The light emitted from the light emitting element is guided through the sealing material, reflected by the substrate surface and the inner wall of the reflecting portion, and guided upward. Thereby, light is emitted in a predetermined range from the upper surface of the light emitting device.

Since the package has a high refractive index material, the amount of reflected light at the interface between the two increases due to the difference in refractive index between the glass ceramic particles and the high refractive index material particles. Thereby, the reflectance of a package can improve and the light emission efficiency of a light-emitting device can be improved.

JP2009-164111A (pages 8 to 26, FIG. 3)

However, according to the conventional package for a light emitting device, the high refractive index material chemically reacts with the surrounding glass components and changes its quality when the package is baked. For example, when zinc oxide is used as the high refractive index material, garnite is formed during firing. For this reason, there is a problem that the refractive index of the high refractive index material is lowered and the reflectance of the package is lowered.

On the other hand, when zirconia having a low chemical reaction with glass is used as the high refractive index material, the reflectance of the package can be kept high. However, since the bonding strength at the boundary between the glass ceramic and the high refractive index material is low, there is a problem that the strength of the package is lowered.

An object of the present invention is to provide a light emitting device package having high reflectivity and strength.

In order to achieve the above object, the present invention comprises a sintered body containing glass ceramics as a main component and a high refractive index material having a higher refractive index than that of the glass ceramics. In a light emitting device package that reflects incident light in a predetermined direction, the high refractive index material is made of a silicate compound.

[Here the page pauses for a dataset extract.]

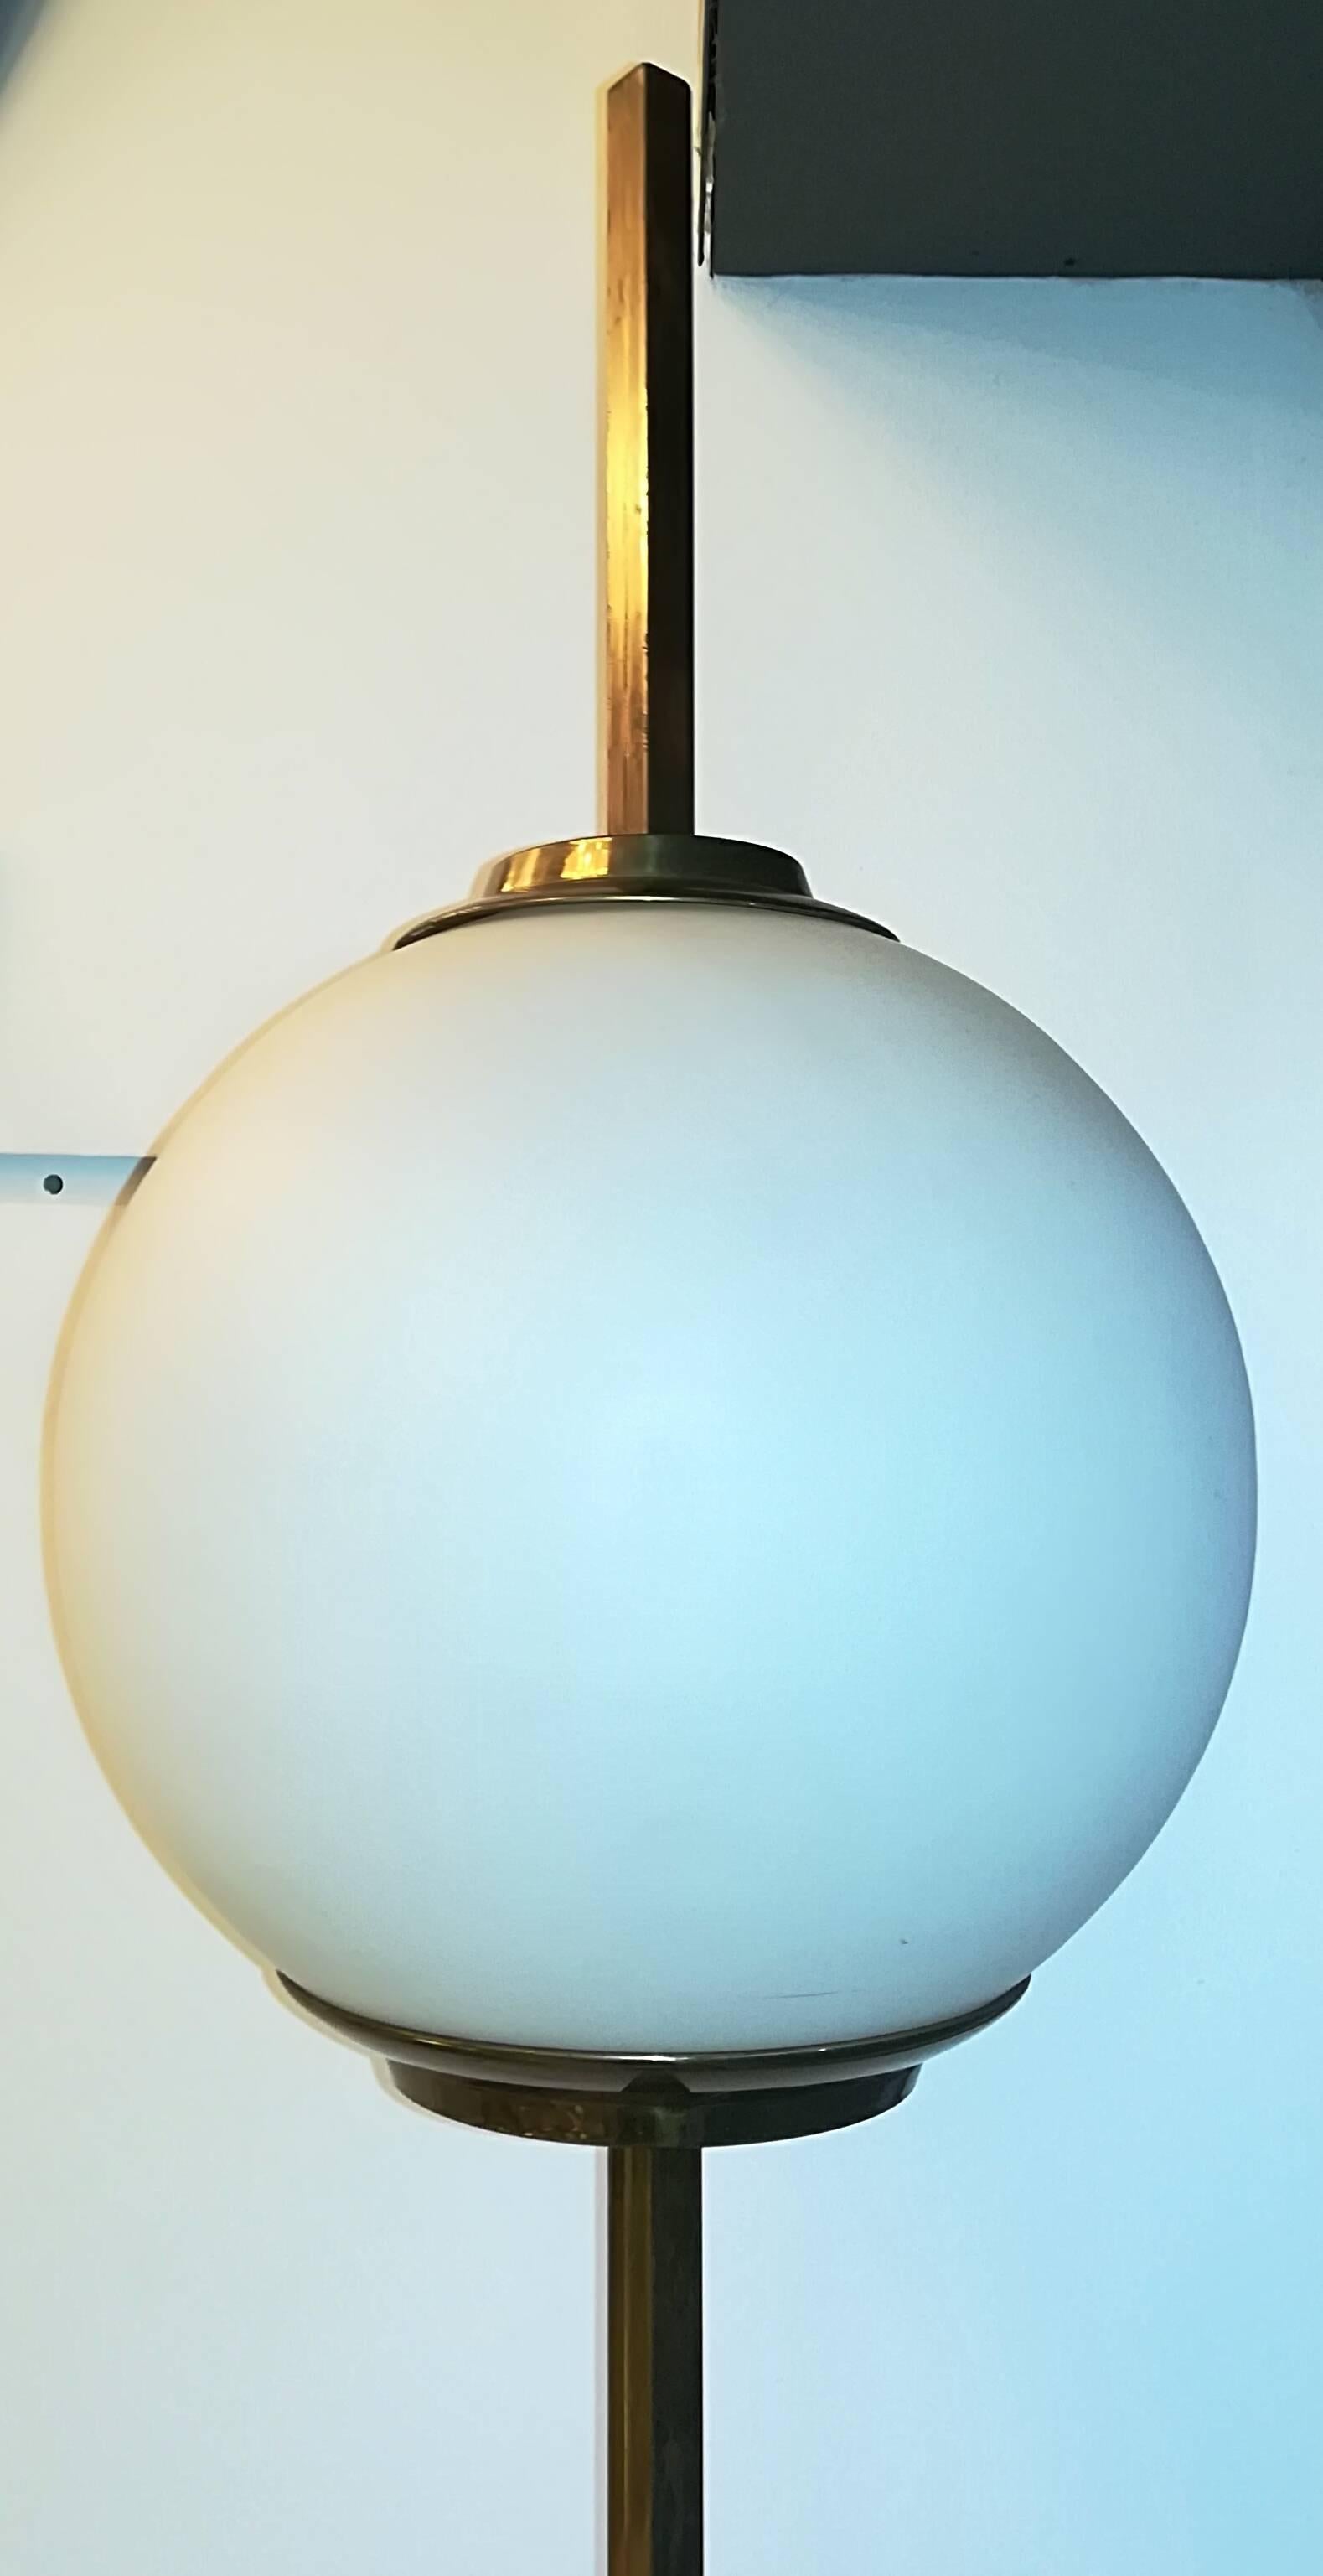 Italian Luigi Caccia Dominioni Floor Lamp 1954 Lte 10 Brass Glass Marbre
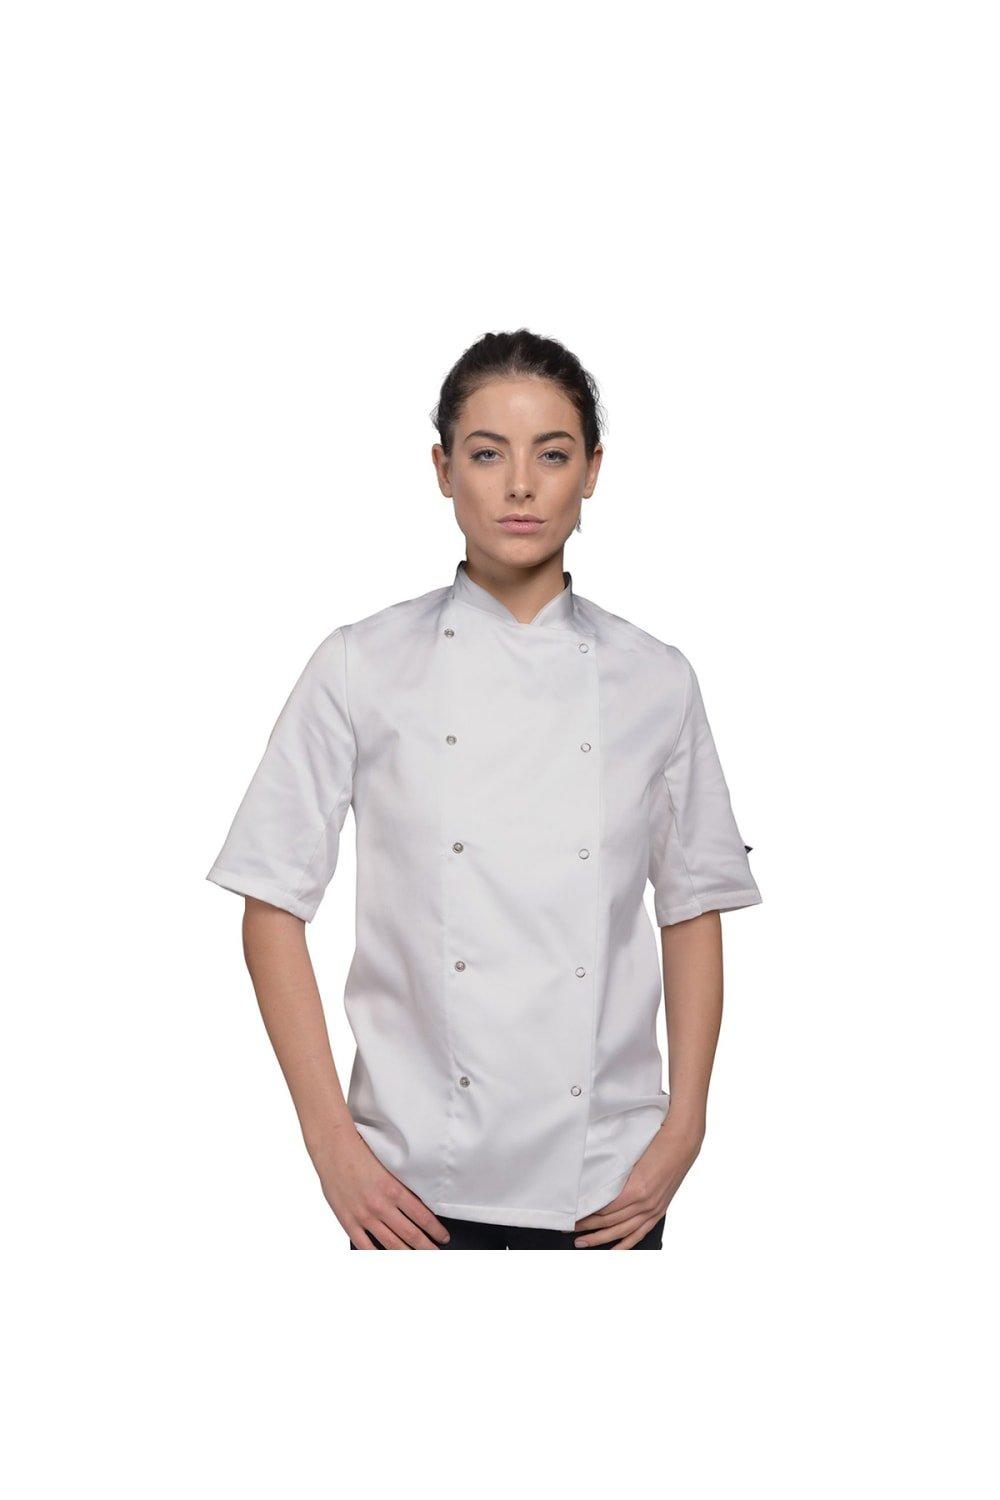 Легкая куртка шеф-повара с короткими рукавами Одежда для шеф-повара (2 шт.) Dennys, белый

According to this configuration, the light emitting device package is fired after forming a mixture of a high refractive index material composed of a silicate compound and a glass ceramic material into a predetermined shape. Thereby, the package for light emitting devices of the sintered compact which has glass ceramics as a main component and contains a high refractive index material is formed.

Further, the present invention is characterized in that the silicate compound is zircon in the light emitting device package having the above-described configuration.

Further, the present invention is characterized in that the content of zircon is 5 wt% or more in the light emitting device package having the above structure.

Further, the present invention is characterized in that the content of zircon is 10 wt% or more in the light emitting device package having the above configuration.

Further, the present invention is characterized in that the content of zircon is 40 wt% or less in the light emitting device package having the above configuration.

According to the present invention, since the light emitting device package is made of a sintered body containing a silicate compound as a high refractive index material in glass ceramics, a light emitting device package with high reflectance and strength can be obtained.

The perspective view which shows the light-emitting device of embodiment of this invention. Front sectional drawing which shows the light-emitting device of embodiment of this invention The conceptual diagram which shows the internal cross section of the package of the light-emitting device of embodiment of this invention. Process drawing which shows the manufacturing process of the package of the light-emitting device of embodiment of this invention The figure which shows the relationship between the reflectance of the package of the light-emitting device of embodiment of this invention, and the compounding ratio of a high refractive index material. The figure which shows the relationship between the bending strength of the package of the light-emitting device of embodiment of this invention, and the compounding ratio of a high refractive index material. The figure which shows the relationship between the reflectance of a package of the light-emitting device of embodiment of this invention, and a wavelength.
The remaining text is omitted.